New South Wales Heritage Register
- Official name: Bidura House Group
- Type: State heritage (built)
- Designated: 28 August 2017
- Reference no.: 1994
- Type: House
- Category: Residential buildings (private)

= Bidura =

Bidura House, or simply, Bidura, is a heritage-listed former residence, orphanage and office building located at 357 Glebe Point Road in the inner western Sydney suburb of Glebe, New South Wales, Australia. It was designed by Edmund Thomas Blacket and built in 1860. It is also known as Bidura House Group. It was added to the New South Wales State Heritage Register on 28 August 2017.

== History ==
===Indigenous history===
The traditional inhabitants of the Sydney city region are the Gadigal people of the Eora Nation. Despite the destructive impact of first contact, Gadigal culture and connections in Glebe endure. In addition to the Gadigal, Aboriginal people from elsewhere gradually moved into Glebe as it developed into an inner Sydney suburb.

===European land grants and subdivision===
The subject site is on land that was part of a 1790 grant of 400 acre by Governor Phillip to the Church of England, officially named St Phillip's Glebe but known as "the Glebe". When the church reserve was subdivided into 27 allotments in 1828, Lots 3 and 4 of the subdivision were purchased by William Dumaresq, a captain in the Royal Staff Corps. Dumaresq first subdivided his land as the "Boissier Estate" in 1840 with Lots 1 and 2 purchased by businessman Stuart Alexander Donaldson in 1841.

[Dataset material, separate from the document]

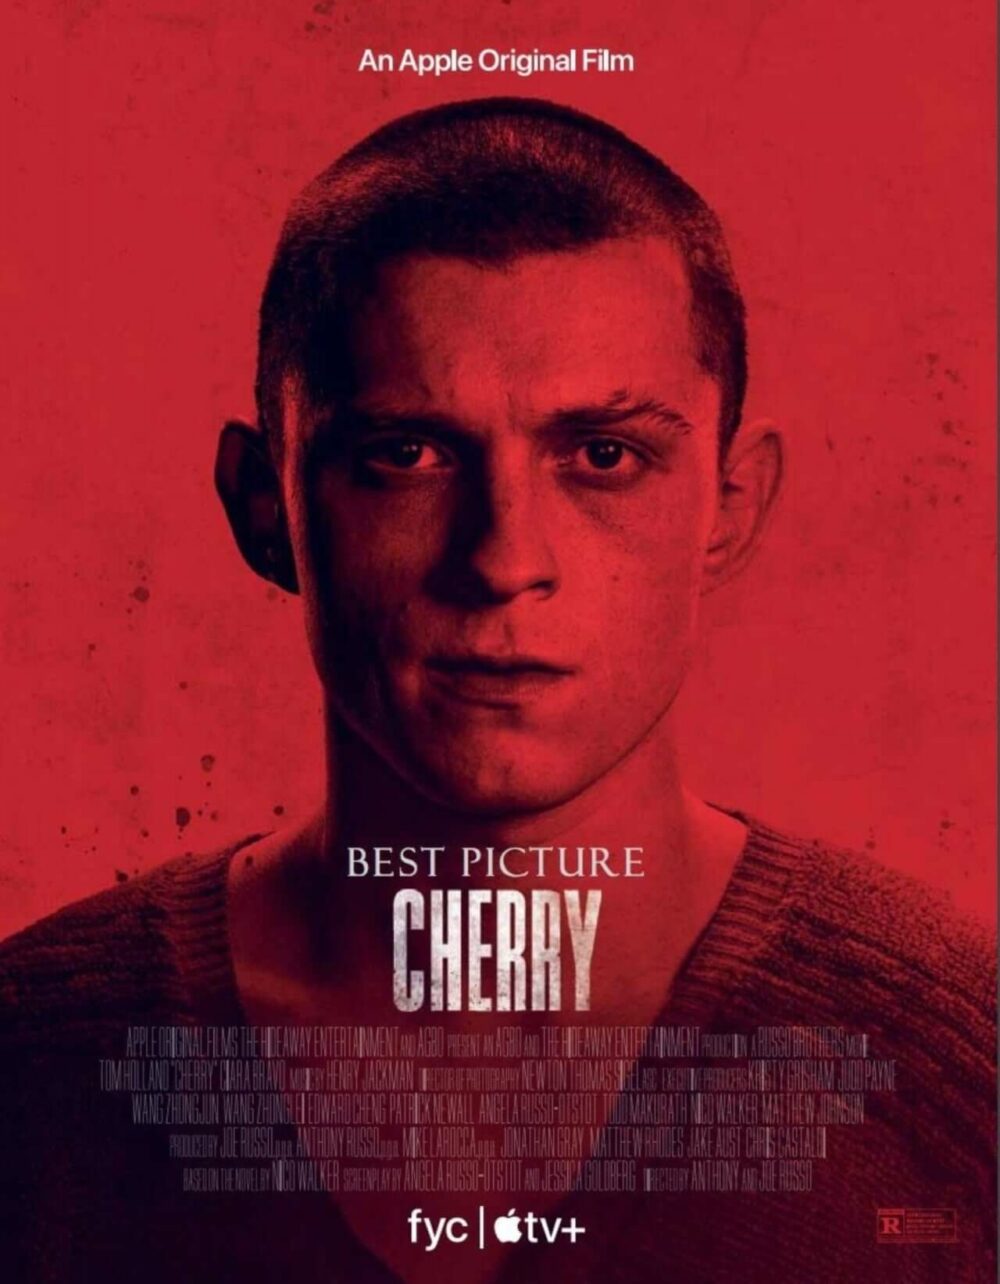 "Cherry" film poster

===Victorian residence 1858-1920===
The property was purchased by prominent colonial architect, Edmund Blacket, as family home while he was working on the University of Sydney in 1857. The landscape was still largely covered in dense bush at this time and Blacket is recorded to have "found it necessary to have four men to escort him home through the heavy timber after a day's work at his city office", along the track that became Ferry Road. Blackett built the two-storey house and single storey annex c. 1860. Sketches of the building, dating from 1865, and likely drawn by his daughter Edith, label the building "Our House". Blacket sold the house following the death of his wife Sarah in 1870.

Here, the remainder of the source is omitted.